**WORK REQUEST:** Please repeat exactly the lines below from the line with "The Shackman Group DMC New York" to the line with "Dettaglio di una", including both, and leave out every picture.

**DATA EXCERPTS:**
Start of Block

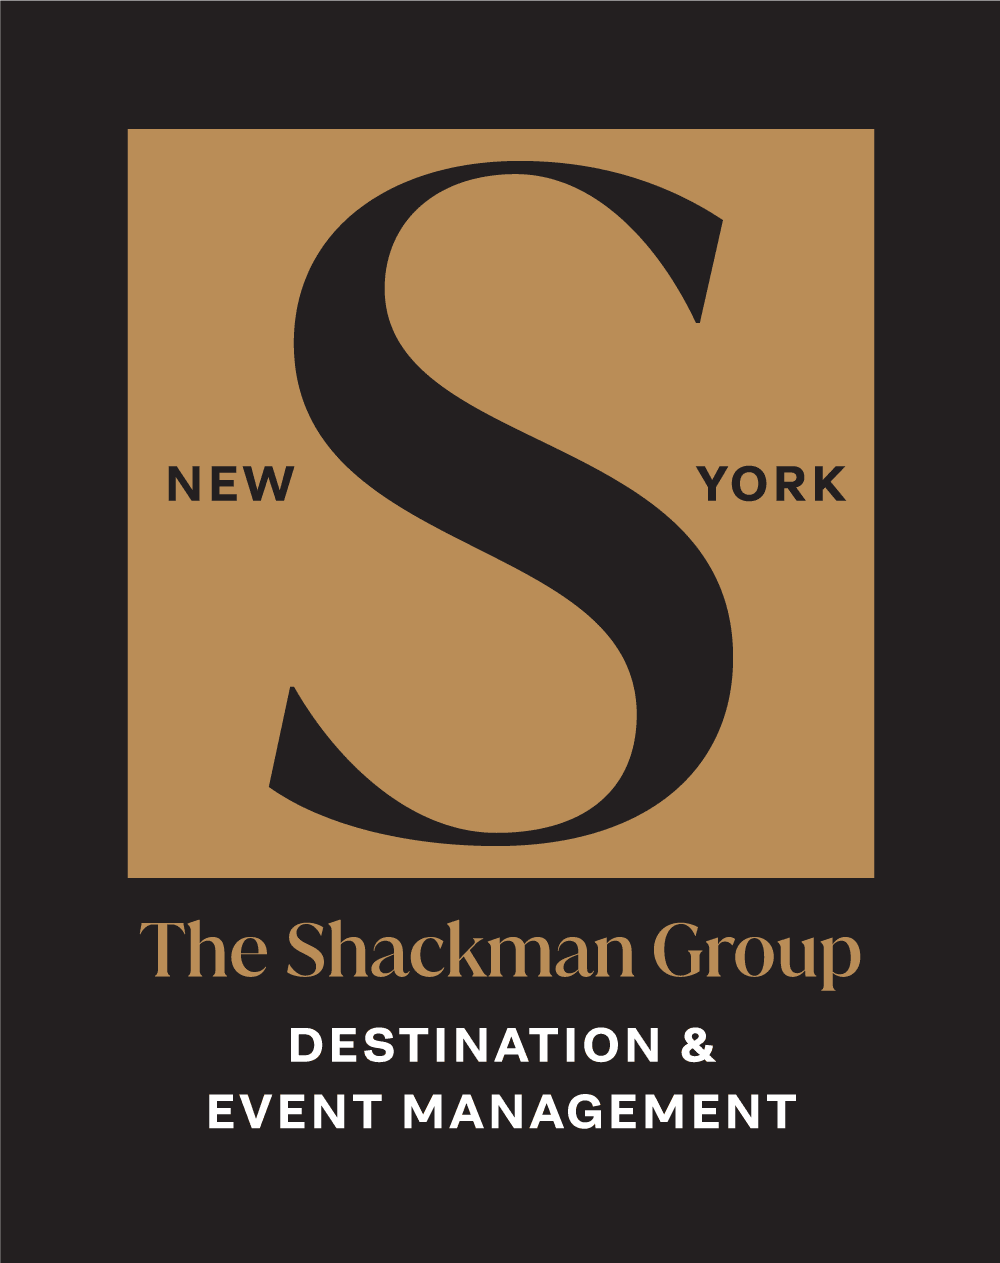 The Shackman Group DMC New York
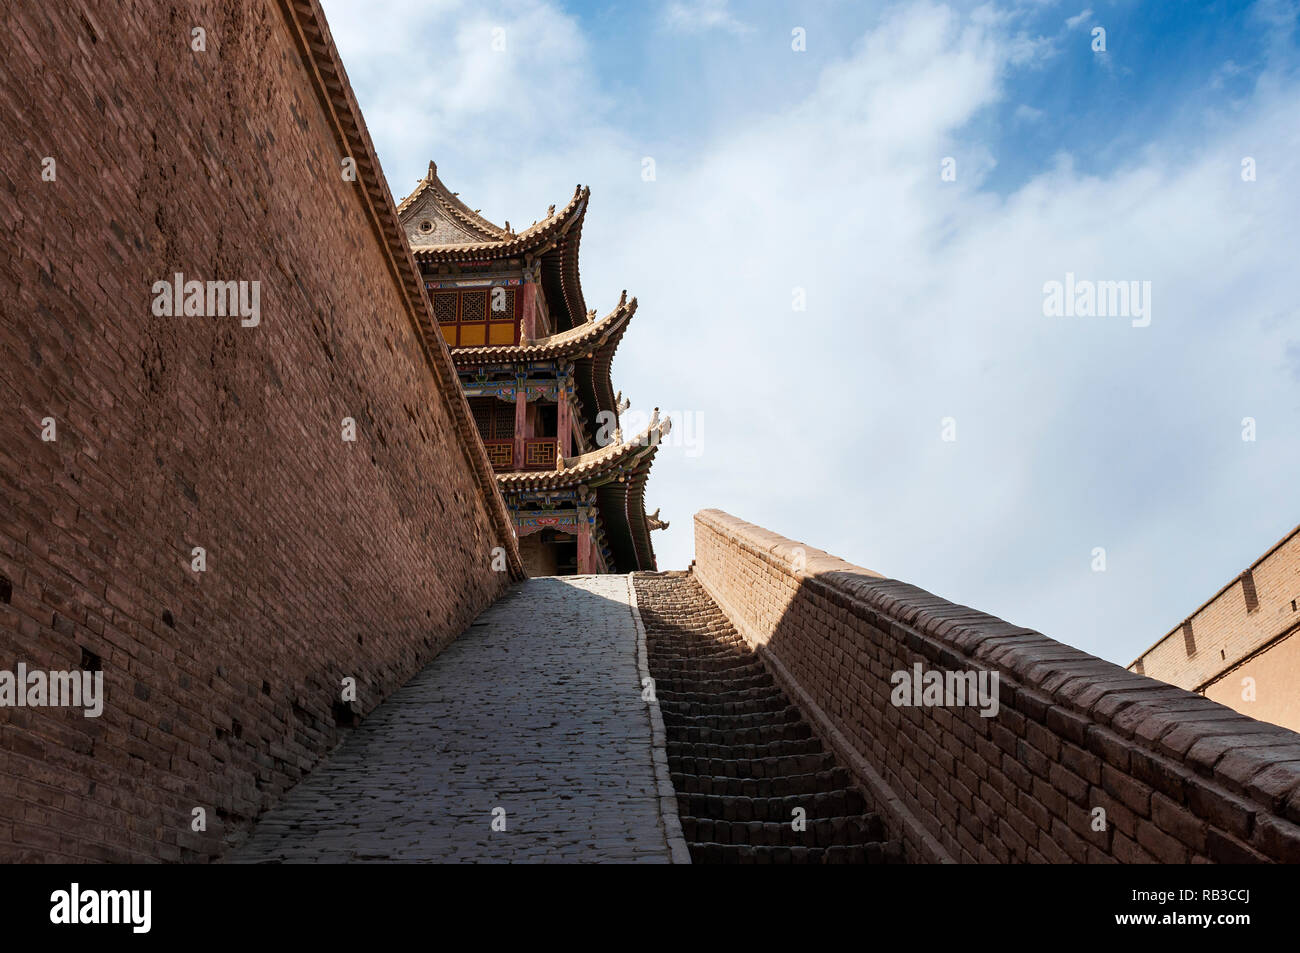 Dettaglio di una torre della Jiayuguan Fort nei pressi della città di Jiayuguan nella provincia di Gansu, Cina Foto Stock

End of Block
Start of Block

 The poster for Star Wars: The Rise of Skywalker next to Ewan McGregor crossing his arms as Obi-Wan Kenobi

End of Block

**SOLVED EXERCISE:**
 The Shackman Group DMC New York
 Dettaglio di una torre della Jiayuguan Fort nei pressi della città di Jiayuguan nella provincia di Gansu, Cina Foto Stock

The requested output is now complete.